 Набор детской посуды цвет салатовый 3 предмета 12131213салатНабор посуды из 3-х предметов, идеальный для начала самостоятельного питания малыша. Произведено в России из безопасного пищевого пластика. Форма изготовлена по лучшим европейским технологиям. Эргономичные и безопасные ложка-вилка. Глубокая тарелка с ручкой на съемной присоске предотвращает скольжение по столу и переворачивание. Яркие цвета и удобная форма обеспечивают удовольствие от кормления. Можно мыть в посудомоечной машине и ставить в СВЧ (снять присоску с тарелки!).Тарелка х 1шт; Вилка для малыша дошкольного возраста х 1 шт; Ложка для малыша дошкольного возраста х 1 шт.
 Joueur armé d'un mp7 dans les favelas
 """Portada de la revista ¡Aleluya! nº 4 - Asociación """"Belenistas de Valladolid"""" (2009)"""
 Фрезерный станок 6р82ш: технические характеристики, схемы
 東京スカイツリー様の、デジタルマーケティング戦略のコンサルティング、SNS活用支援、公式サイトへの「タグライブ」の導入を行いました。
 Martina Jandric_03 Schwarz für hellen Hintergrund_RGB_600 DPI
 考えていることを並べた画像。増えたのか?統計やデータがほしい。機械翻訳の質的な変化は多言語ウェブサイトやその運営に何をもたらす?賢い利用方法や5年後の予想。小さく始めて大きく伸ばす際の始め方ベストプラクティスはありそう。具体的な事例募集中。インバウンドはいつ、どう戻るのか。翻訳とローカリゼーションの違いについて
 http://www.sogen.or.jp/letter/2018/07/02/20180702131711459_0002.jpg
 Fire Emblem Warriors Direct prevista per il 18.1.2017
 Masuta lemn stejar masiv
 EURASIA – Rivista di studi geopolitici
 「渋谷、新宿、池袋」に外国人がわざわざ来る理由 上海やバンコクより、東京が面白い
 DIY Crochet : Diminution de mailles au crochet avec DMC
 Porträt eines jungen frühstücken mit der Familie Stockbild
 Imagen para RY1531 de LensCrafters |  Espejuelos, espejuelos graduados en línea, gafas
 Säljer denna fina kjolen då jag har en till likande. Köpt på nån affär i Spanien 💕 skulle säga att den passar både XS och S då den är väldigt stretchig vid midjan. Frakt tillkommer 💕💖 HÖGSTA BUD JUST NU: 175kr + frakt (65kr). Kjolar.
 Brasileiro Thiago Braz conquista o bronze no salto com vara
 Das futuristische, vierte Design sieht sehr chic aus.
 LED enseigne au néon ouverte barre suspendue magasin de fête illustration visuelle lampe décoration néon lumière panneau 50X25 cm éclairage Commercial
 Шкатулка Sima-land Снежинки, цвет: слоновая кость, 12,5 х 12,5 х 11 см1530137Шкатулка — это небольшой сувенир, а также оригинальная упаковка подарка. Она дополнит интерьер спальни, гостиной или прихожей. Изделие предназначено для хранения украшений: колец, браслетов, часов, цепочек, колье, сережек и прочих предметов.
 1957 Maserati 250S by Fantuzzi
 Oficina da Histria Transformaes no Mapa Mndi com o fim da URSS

=======

Output nothing but the lines from the one that contains "DIY Crochet : Diminution" through the final line of the entries above, exactly as they appear.

 DIY Crochet : Diminution de mailles au crochet avec DMC
 Porträt eines jungen frühstücken mit der Familie Stockbild
 Imagen para RY1531 de LensCrafters |  Espejuelos, espejuelos graduados en línea, gafas
 Säljer denna fina kjolen då jag har en till likande. Köpt på nån affär i Spanien 💕 skulle säga att den passar både XS och S då den är väldigt stretchig vid midjan. Frakt tillkommer 💕💖 HÖGSTA BUD JUST NU: 175kr + frakt (65kr). Kjolar.
 Brasileiro Thiago Braz conquista o bronze no salto com vara
 Das futuristische, vierte Design sieht sehr chic aus.
 LED enseigne au néon ouverte barre suspendue magasin de fête illustration visuelle lampe décoration néon lumière panneau 50X25 cm éclairage Commercial
 Шкатулка Sima-land Снежинки, цвет: слоновая кость, 12,5 х 12,5 х 11 см1530137Шкатулка — это небольшой сувенир, а также оригинальная упаковка подарка. Она дополнит интерьер спальни, гостиной или прихожей. Изделие предназначено для хранения украшений: колец, браслетов, часов, цепочек, колье, сережек и прочих предметов.
 1957 Maserati 250S by Fantuzzi
 Oficina da Histria Transformaes no Mapa Mndi com o fim da URSS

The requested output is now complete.